I will start with point 2, this:

Data count;
input a;

 

Means read a variable data in as number - so anything not numeric will not get stored.  Put a $ to indicate character read:

Data count;
input a $; 

 

Now on your other point, I am not sure, what do you want out, is it just the number of characters in the string, then;

data want;
  set count;
  total=lengthn(a);
run;

Do note how I use the code window (its the {i} above post), and keep consitent formatting, indentations, and finish all code blocks with the appropriate statement (run; in this case).

AlexMoreton
Obsidian | Level 7

RW9, Thank you again for your help! 

The lengtha did the trick! However, the input a $; did not work as the output basically returned as .  for "a". The lengtha function still worked but only counted numbers as it returned as 12. I've made some adjustments from the suggestions in this thread and it now looks like this. If possible could you have a look and see where it is going wrong?

Thank you, (ps) I am trying to do an assignment that can read the total number of characters in a thread from a data that I call so this would be a starting point for me. I just thought I'd try by making a data with a variable containing random numbers and characters and then try and count its total length.

 

Libname Alex;
Data count;
Infile datalines truncover ;
input a ;
datalines;
12324564lkahrli3q2hi
;
run;
Data CountIt;
set count;
total = lengthn(a);
proc print data=CountIt ;
run;

Tom
Super User Tom
Super User

I have no idea what you are trying to count, but your INPUT statements are trying to read in numbers, not strings.
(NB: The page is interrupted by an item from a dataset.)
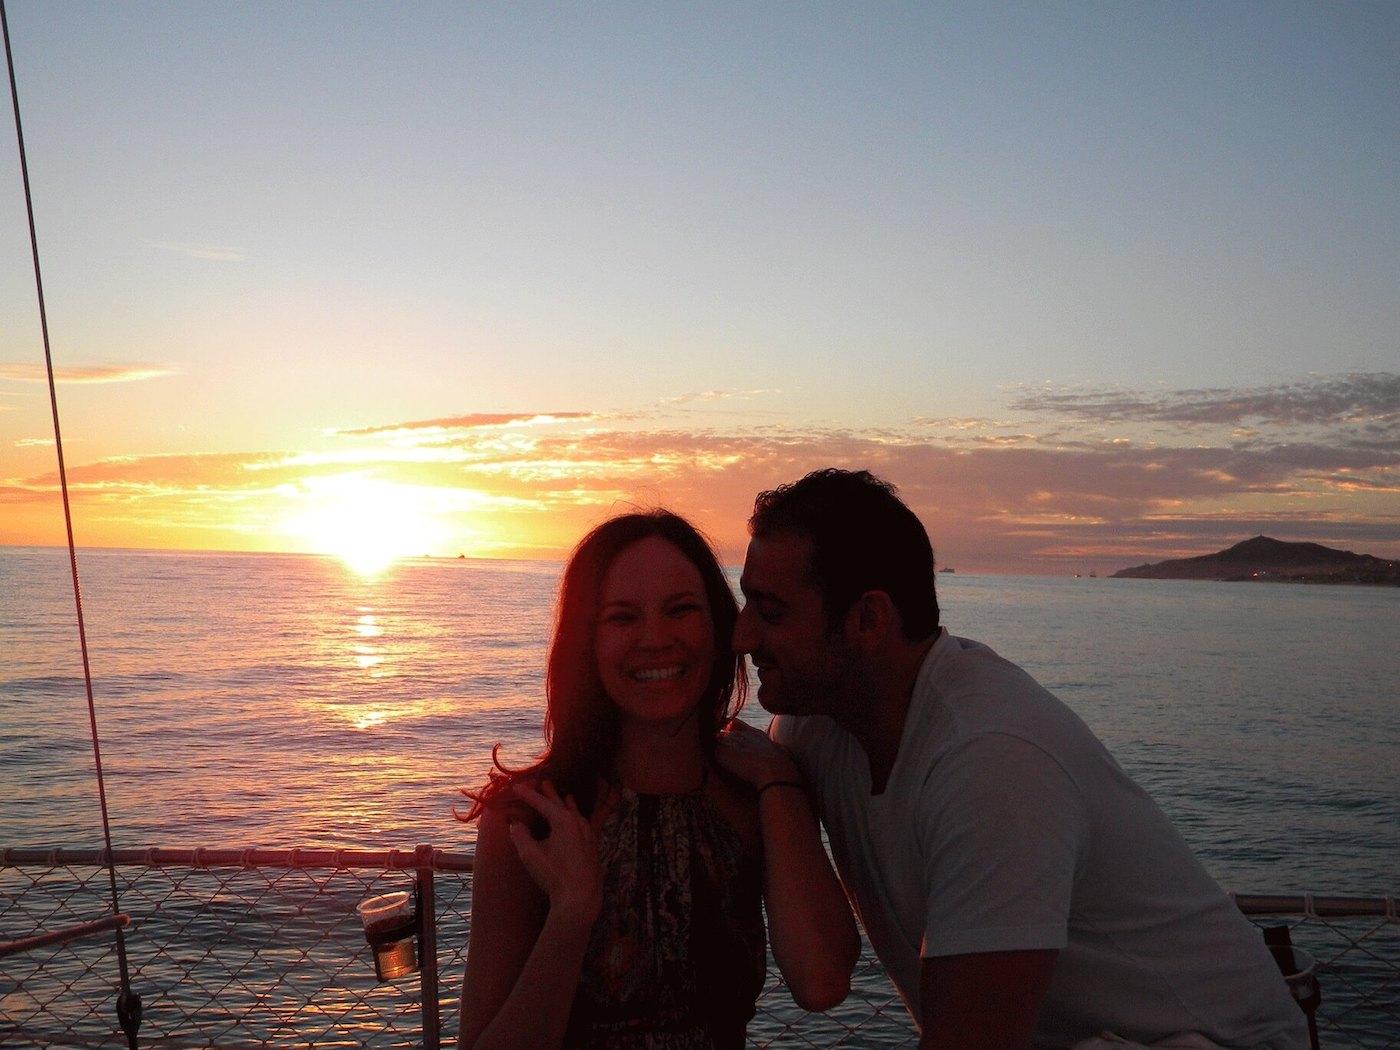 Sunset Header Photo
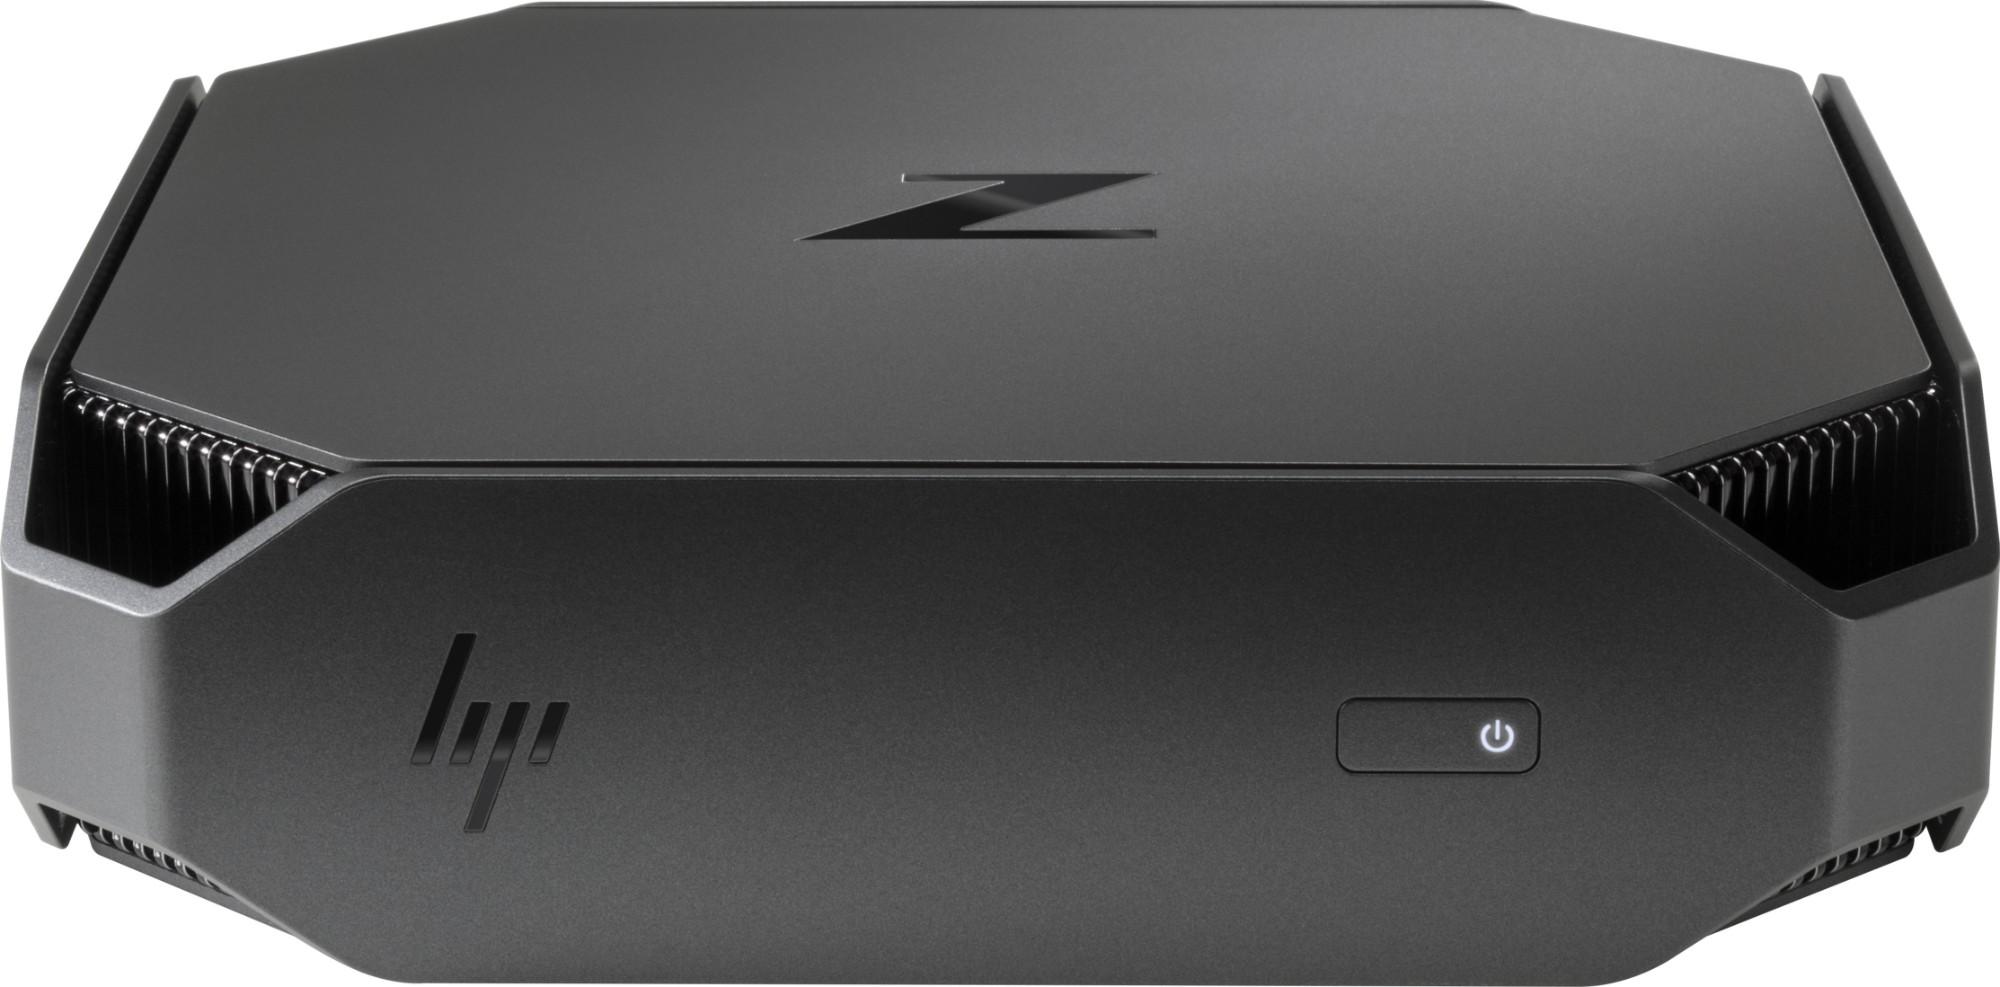 Workstation Z2 Mini G3 i7-6700 / 8GB 1TB Win10 Pro

If you want to read in the whole line into a single character variable then you want something more like this.

data count;
  infile datalines truncover ;
  input string $100.;
datalines;
12324564
;

So that will create a variable named STRING that is character with a length of 100 and read each line into a single observation.

If you want to know how long the string is you can use the LENGTH() or LENGTHN() function.  Both will ignore trailing spaces.

If you want to know how long the input line of text was, including any trailing spaces then use the LENGTH= option on the infile statement.  (Note that when reading from DATALINES (aka CARDS) the line length will always be a multiple of 80.)

data count;
  infile datalines truncover length=len1;
  input string $char100.;
  line_length=len1 ;
  string_length=length(string);
  string_length0 = lengthn(string);
datalines;
12324564

abcd 1234 xyz c
;
                           line_    string_    string_
Obs    string             length     length    length0

 1     12324564             80          8          8
 2                          80          1          0
 3     abcd 1234 xyz c      80         15         15
AlexMoreton
Obsidian | Level 7

Hi, I am trying to create a code that counts every character in the string. For some reason I keep on getting 0 for my total count.

it can read the input a perfectly fine. But it just goes to 0 when I use countc to find the total characters in the string (should be 8 in this case). Where am I going wrong?

 

Libname Alex;
Data count;
input a;
datalines;
12324564
;
run;
Data CountIt;
set count;
total = countc(a , "*");
proc print data=CountIt ;
run;

 

Also, I would like to be able to make a string that contained alphabets and numbers and special characters like ><.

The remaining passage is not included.